Beyond the ease of preparation, the cleanup is a breeze as well. Most of the dishes used are easily washed, and the overall cooking time is fairly short, reducing kitchen stress significantly. This is the kind of recipe that helps me conquer busy weeknights without compromising on taste or quality family time.

So, if you're looking for a simple yet impressive recipe to add to your weeknight dinner rotation, give this batter-fried basa fish a try. I promise you won't be disappointed. It's a surefire way to please even the pickiest eaters in your family. And, for those nights when you're craving a delicious, comforting meal without spending hours in the kitchen, this recipe is an absolute lifesaver.

The crispy texture, the flaky fish, the simple yet satisfying flavors – this batter-fried basa fish recipe is a keeper. It’s a testament to the fact that delicious food doesn't always have to be complicated. Sometimes, the simplest recipes are the most rewarding. This is one of those recipes, a true weeknight wonder that will quickly become a staple in your kitchen.

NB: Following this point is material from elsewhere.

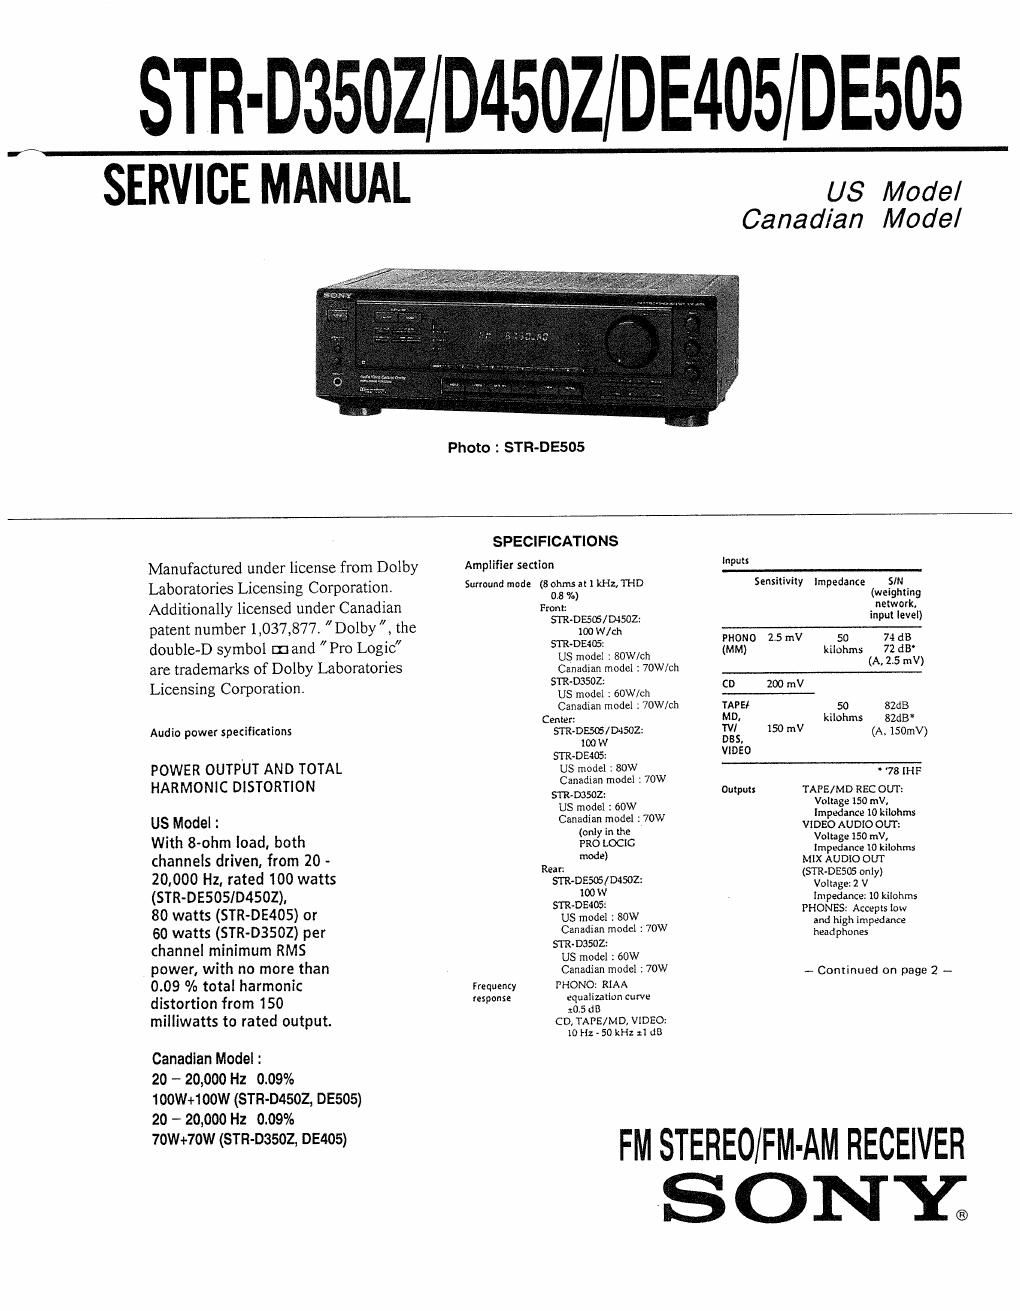 sony str de 505 service manual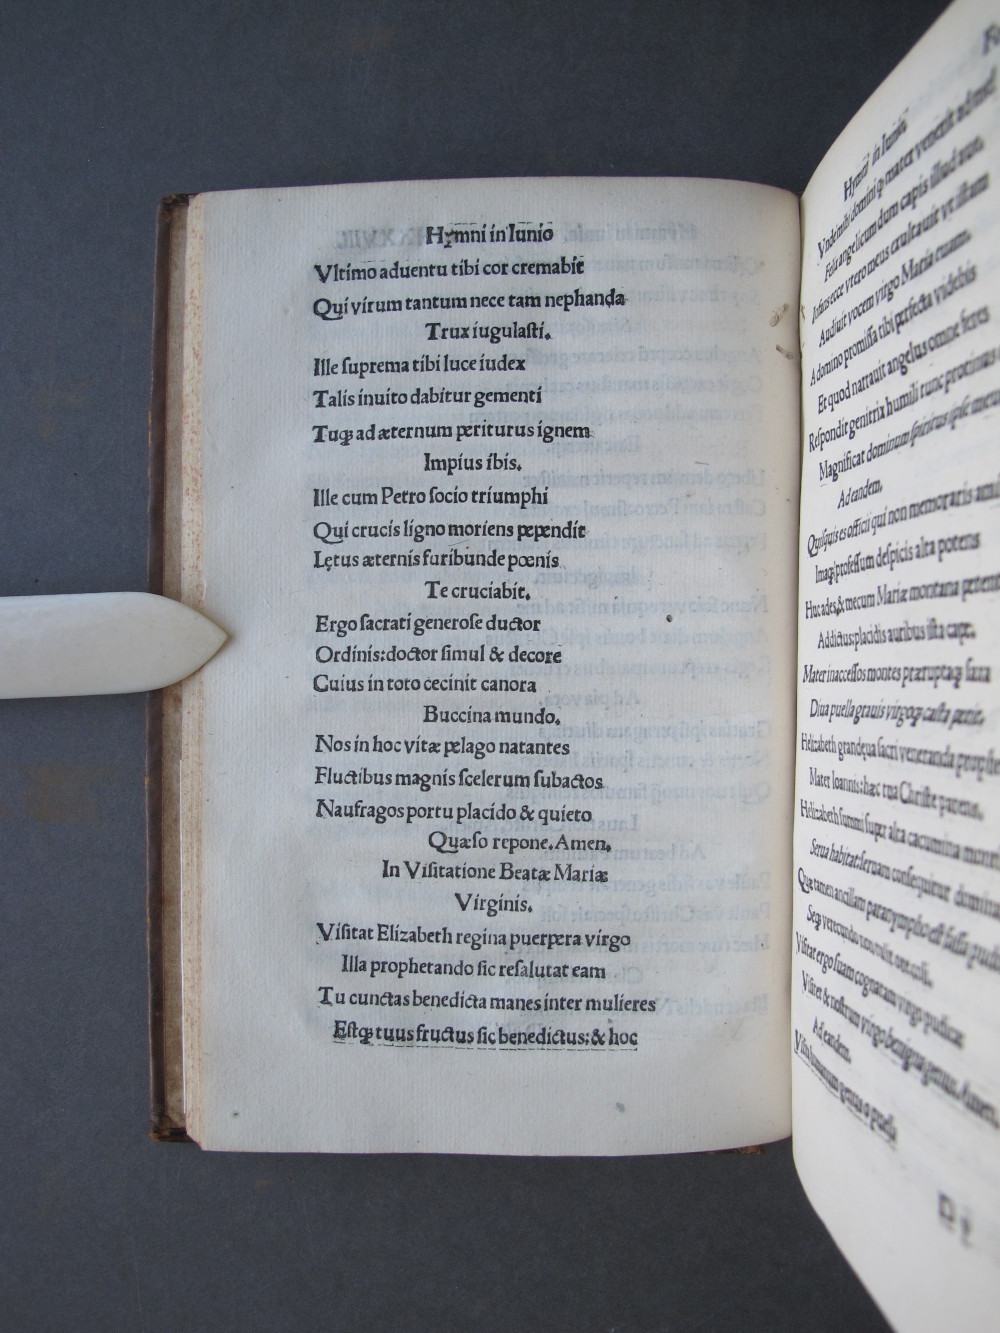 Folio 28 verso

Give it a try, and let me know what you think! I'd love to hear about your experience and any modifications you make. Happy cooking!

Ingredients:

  • Boneless fish fillet (basa, cod, or tilapia)
  • Refined flour (maida)
  • Eggs
  • Milk
  • Oil (for batter and frying)
  • Salt
  • Crushed black pepper (optional)

Step-by-step

    • Wash the fish fillet well. I used frozen fillet, so I had to thaw them completely before starting.
    • Season the fillet with little salt.
    • In a big bowl, combine the flour, eggs, milk, salt [approximately a little less than ½ tsp will do] and 1 tsp of oil.
    • Whisk them well to make a thick and smooth batter. The batter must be very smooth without any lumps. Consistency should be such that it should coat the fish fillet and does not flow off. To check that, dip a spoon into the batter. If the batter coats the back of the spoon evenly, then the consistency is right. If you feel it is too thick, add a little more milk and if it is too thin, throw in some more flour. Arriving at the right consistency may take few practices.
    • Heat oil in a frying pan. I didn’t deep fry my fish; I did shallow frying which worked really well.
    • Dip a fillet into the batter. Take it out and when the oil is quite hot, tip in the batter coated fish. If you find that the batter is flowing out of the fillet, take a little amount of batter from the bowl using a spoon and smear it on the top of the fillet.
    • When the bottom side turns browns, carefully turn the fillet upside down and fry it till brown. It will take around 10 minutes each side but it also depends on the thickness of the fillets you are using. Mine took 10 minutes each side. To check the doneness, take a toothpick and prick the fish in the middle. If it goes in very easily without any resistance, your fish is done. Else give it two more minutes.
    • Once done, remove them on tissue to soak the excess oil.
    • Serve hot with tartar sauce. Delish!